The CCSS differ significantly from what is typically required for graduation in most American high schools today.  For example, the treatment of statistics and probability includes not only descriptive statistics but also conditional probability, inference, decisions based on probability, and rules of  probability. 

The CCSS include not only right-triangle trigonometry but also trig functions of a real variable, to be used in modeling periodic behavior.  Thus trig spans the geometry, algebra, and function categories.

The CCSS gives math standards for high school without specifying courses or order of topics.  But evidently the introduction of functions includes an emphasis on (linear and) exponential functions with domains restricted to a subset of the integers--sequences are explicitly studied as functions.

California community colleges do not require a high school diploma for admission.  A student who masters the first CCSS high school math course will already have compared exponential functions with linear functions and solved equations both algebraically and graphically. The student will have had explicit instruction on descriptive statistics.  The student may have worked with constructions and transformations in the plane and proved simple geometric theorems algebraically but not yet worked with polynomials (and specifically not with quadratic functions or quadratic equations).

How will our placement system advise this student?

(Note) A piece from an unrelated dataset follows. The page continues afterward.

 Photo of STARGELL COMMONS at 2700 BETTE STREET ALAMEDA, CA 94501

One of the recommendations  of California's Student SuccessTask Force is for better alignment between high school and college curricula.  With the CCSS adopted across states, it looks as if most community colleges will need to make adjustments to their way of placing and educating their math students.

Monday, August 6, 2012

MathFest 2012 and Common Core State Standards in Math

Andrew Hacker’s article "Is Algebra Necessary?" in the New York Times was a hot topic last week and mentioned by several presenters at the 2012 MathFest session "What Mathematics Should Every Citizen Know?".  The panelists, Bil lMcCallum, Lynn Steen, Hyman Bass, Joseph Malkevitch, and co-organizer Sol Garfunkel, were actually reacting to the Core Curriculum State Standards in mathematics.

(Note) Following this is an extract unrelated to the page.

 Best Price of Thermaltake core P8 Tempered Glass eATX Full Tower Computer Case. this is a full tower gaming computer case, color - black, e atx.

Mathematicians and math educators agree that we are not  currently doing the best job of teaching algebra.  But unlike Hacker, the math community believes the appropriate strategy is to improve algebra instruction, not to abandon it to all but an elite few pupils.

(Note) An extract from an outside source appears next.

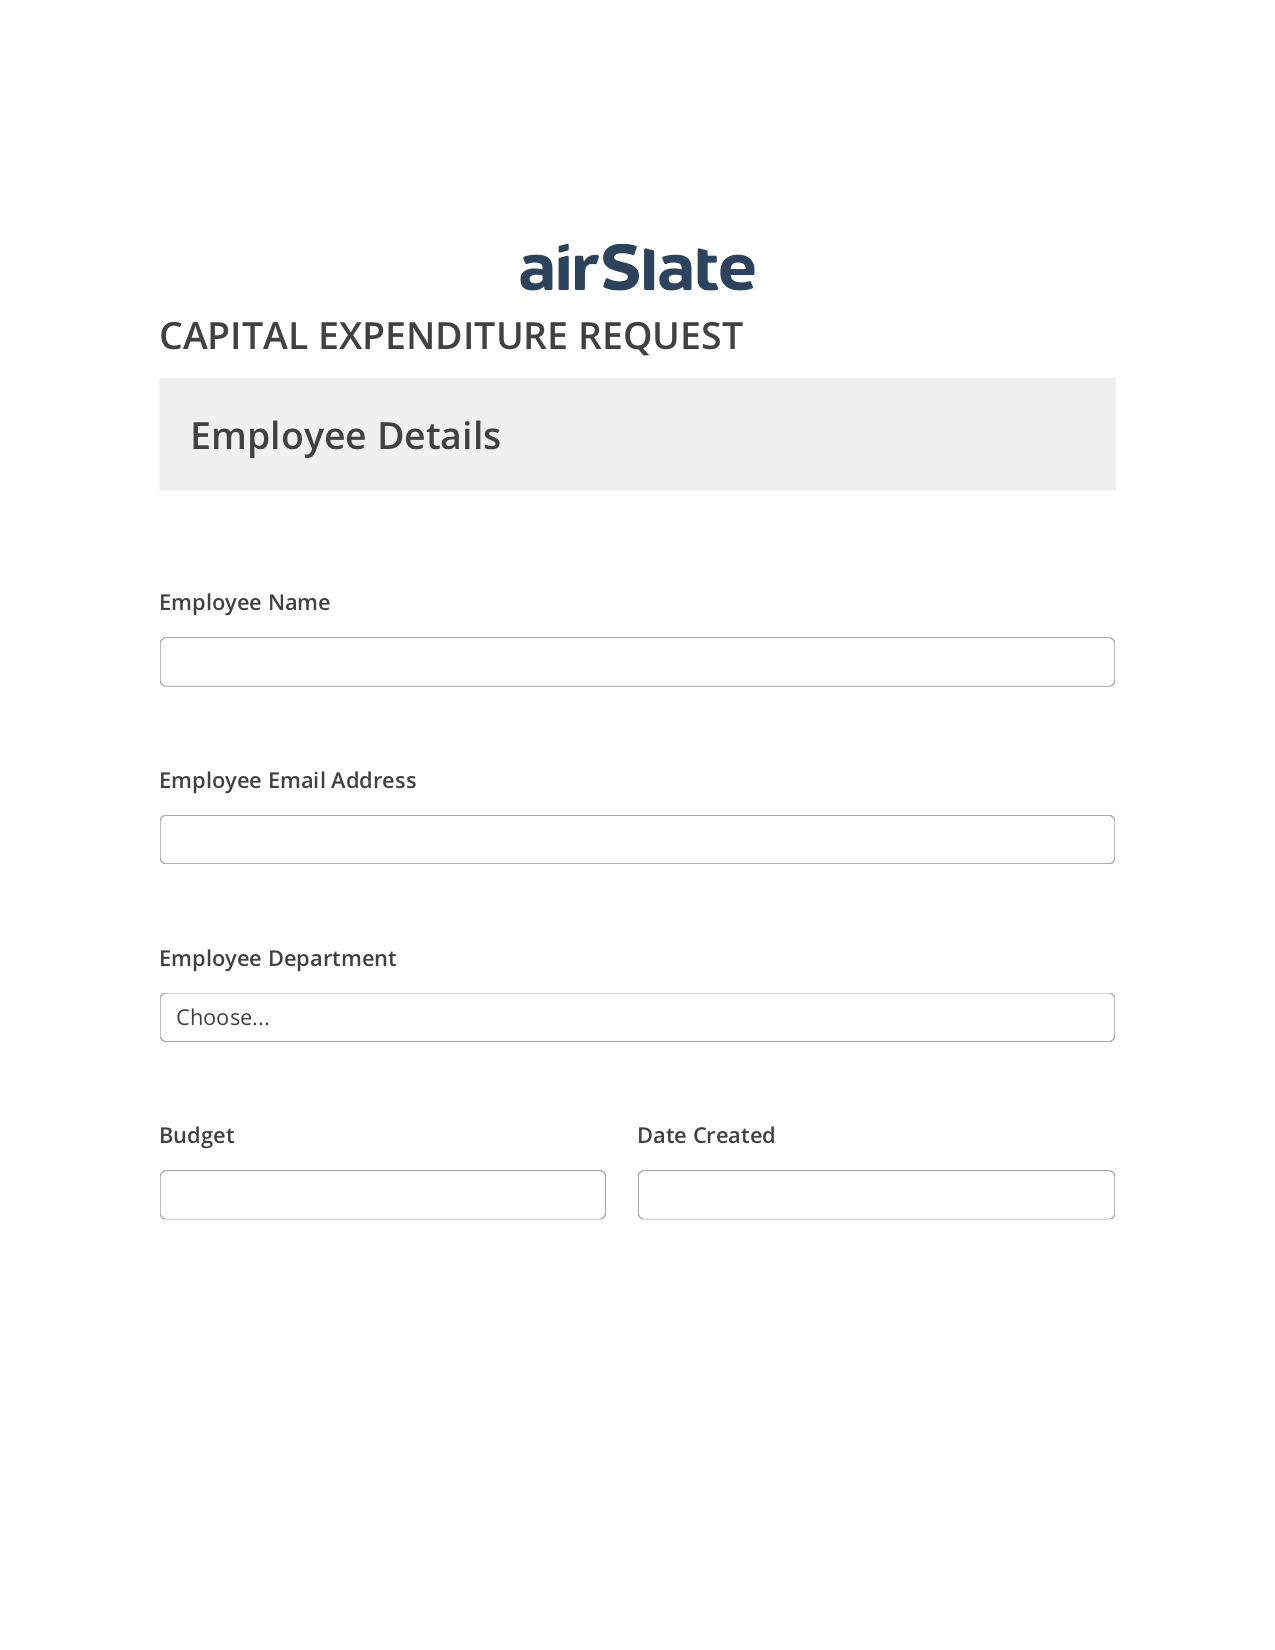 Capital Expenditure Request Approval Workflow Pre-fill from CSV File Dropdown Options Bot, Create Salesforce Record Bot, Export to Smartsheet

On the other hand, the speakers on the panel, although quite civil with each other, clearly had disagreements about the best strategy to improve math education in the US.

McCallum, who was the lead mathematician in the development of the CCSS, emphasized the benefits of having commonality across states.  Having a set of standards that could be adopted by 45 of the 50 states (so far) required compromises, but the benefits accrue not only to pupils and teachers in our mobile society, but to all who do business with textbook publishers who currently provide materials for the multitude of different curricula.

Steen gave some numbers showing the dismal success of preparing US students for STEM, but argued that we should improve rather than remove algebra from the curriculum.  He favors a modeling-based approach and avoidance of common assessments.  When asked how to accomplish his recommendations, he cheerfully remarked that he doesn't need to worry about that now that he's retired.

Bass focused on pedagogy rather than curriculum as the key to improving math education.  Student learning is increased when the instructor employs appropriate classroom strategies.

Malkevitch promotes widening the curriculum.  He argued that we need to show many ways that mathematics impinges on daily lives.  He gave combinatorial graphs and fair choice algorithms as examples of mathematical topics that are new and accessible to very young children.

Garfunkel believes that the entire K-12 mathematics curriculum should be centered on modeling. He echoed Malkevitch's suggestions that the US curriculum needs to be widened, and said that Bill Schmidt had paid an advertising agency to create the phrase "a mile wide and an inch deep" that is used to characterize the US K-12 curriculum following the disappointing ranking of the US high school students in the Third International Mathematics and Science Study.